I'll conclude my remarks on Slide 8 with some additional guidance. We expect full-year total recurring revenues to be between $3.68 billion and $3.75 billion. This includes approximately $30 million of headwinds related to FX, the planned phase-out of Sterling LIBOR, and Euronext post-Brexit decision to migrate certain connectivity services away from our UK data center and onto the continent. It's worth noting that the majority of Euronext connectivity revenues are expected to be offset by a related reduction in costs.
Adjusting for these items, we expect core growth in our recurring revenues, which again account for half of our business to be approximately 68% for the full year. This strong growth, which is on top of 10% growth last year is expected to once again be led by our Mortgage Technology business, which we expect will grow in the low to mid-teens, and importantly, is on top of an exceptional 30% growth in 2021. In addition and supported by an ASV that exits the fourth quarter, up 5.5%, we anticipate another year of 5% to 6% growth in our Fixed Income and Data Services recurring revenues.
Moving to expenses.
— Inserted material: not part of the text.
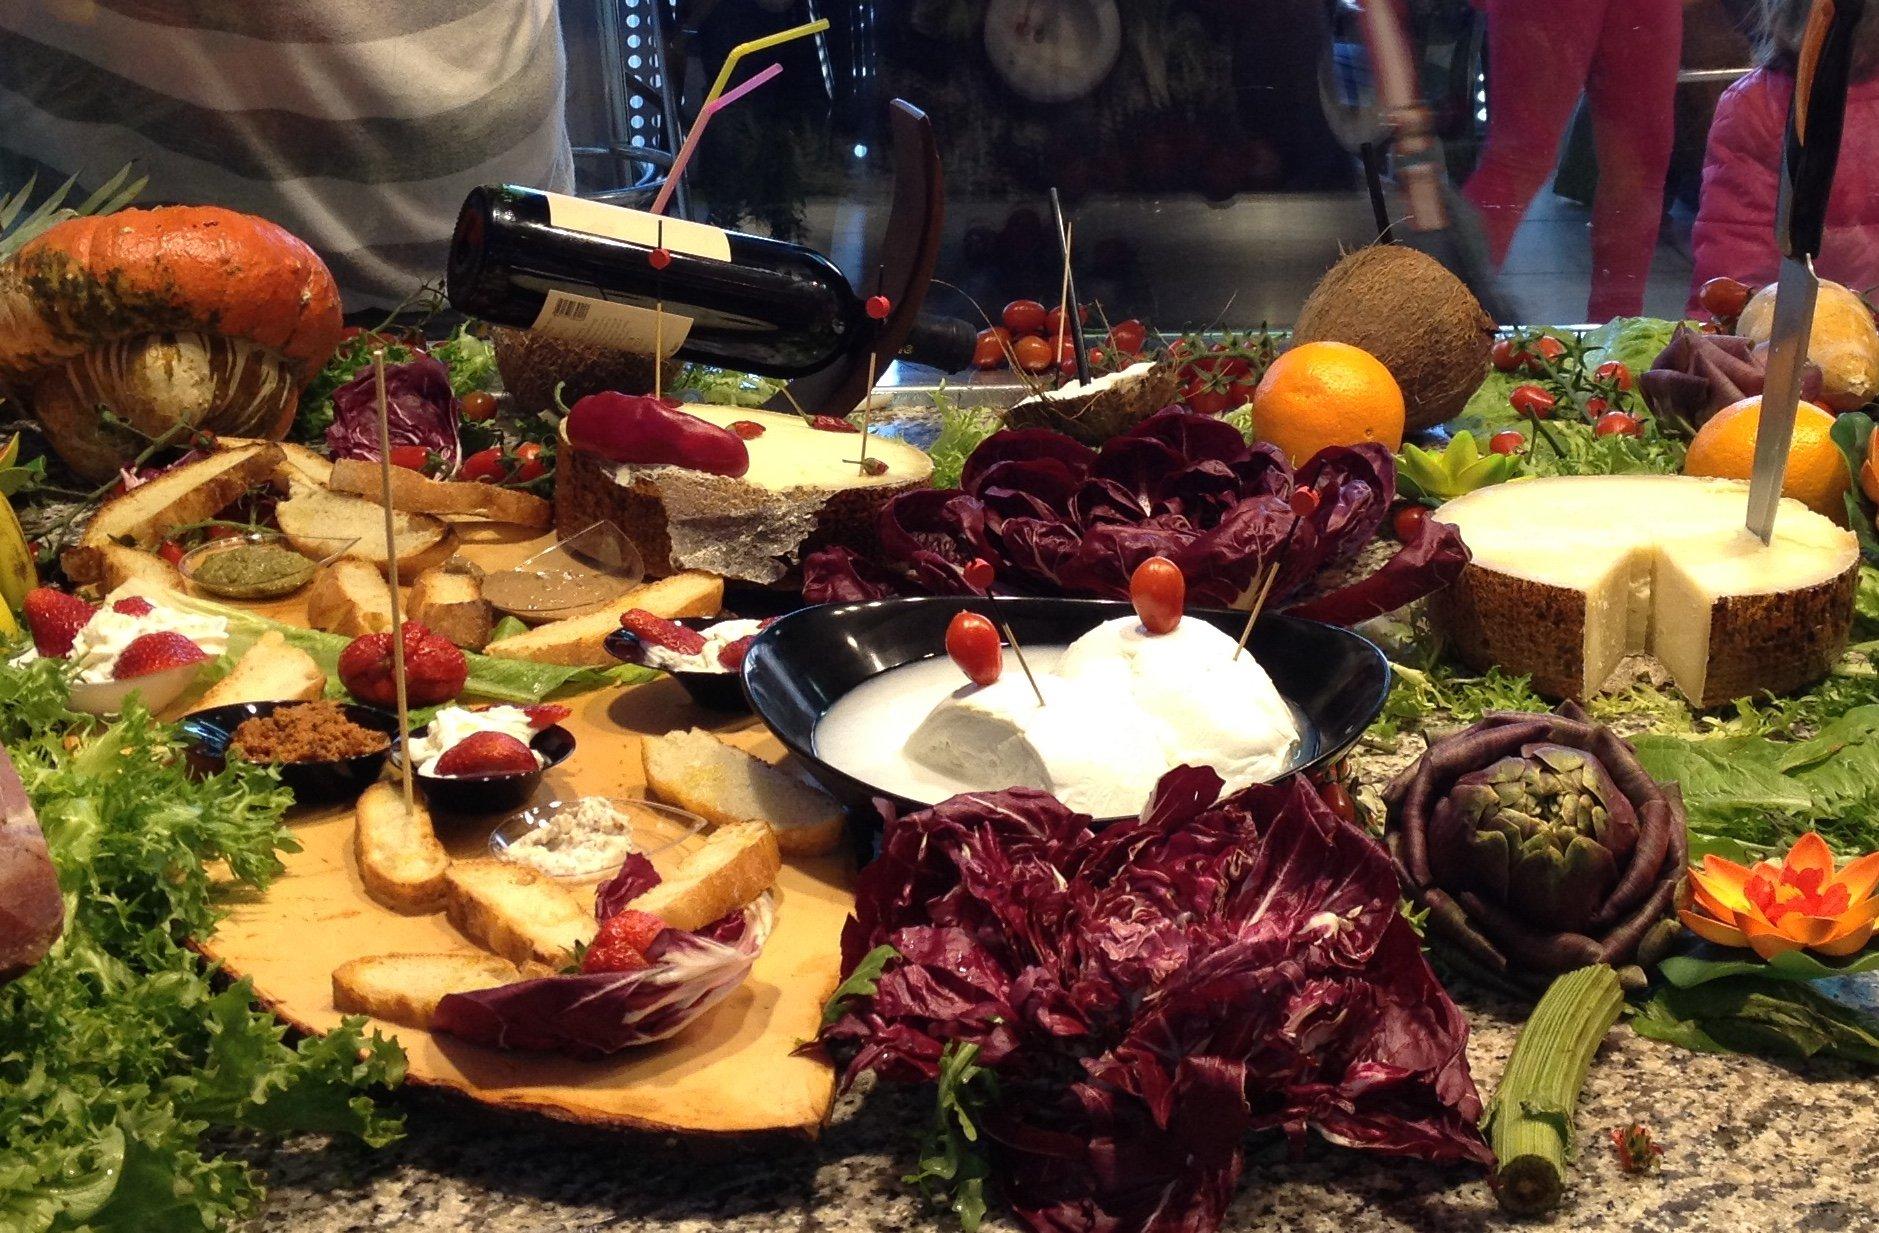 un piatto con verdure, insalata, uovo sodo e formaggio

We expect 2022 adjusted operating expenses to be in the range of $2.99 billion to $3.04 billion. Consistent with prior years, we reward our employees for their contributions to our strong results, and therefore, expect compensation expense, net of synergies, and the resetting of 2021 performance awards to increase by $25 million to $35 million. Expenses tied to revenues are also expected to increase by $25 million to $35 million, driven by higher license fees as well as investments in business and product development across all three of our segments.
In addition, we expect an incremental $40 million to $60 million in support of productivity and efficiency initiatives across our technology and operations groups, a portion of which we are electing to fund through the net operating savings we realized following the IPO of that. Lastly, and similar to last year, we expect roughly $30 million of incremental G&A expense related to purchase accounting and the rebuild of Ellie Mae capex. Please see Slide 12 and the appendix for a bridge reconciling our expense guidance for 2021.
Moving next to capital allocation and consistent with our track record of growing our dividend as we grow, we plan to increase our quarterly dividend by 15% year-over-year from $0.33 per share to $0.38 per share. In addition, and now that we are within our targeted leverage range, we expect to deploy approximately $475 million towards share repurchases in the first quarter, representing a nearly 20% increase versus the second quarter of 2020, the last full quarter of buybacks prior to our acquisition of Ellie Mae.
In summary, we delivered a record finish to another record year. We delivered double-digit growth in revenue, operating income, and earnings per share. We also invested in an array of future growth initiatives, increased our dividend double-digits, and achieved our leverage target a year earlier than originally planned. As we kick off 2022, we're focused on once again delivering growth and creating shareholder value against what is an ever-evolving macro backdrop.
I'll be happy to take your questions during Q&A but for now, I'll hand it over to Ben.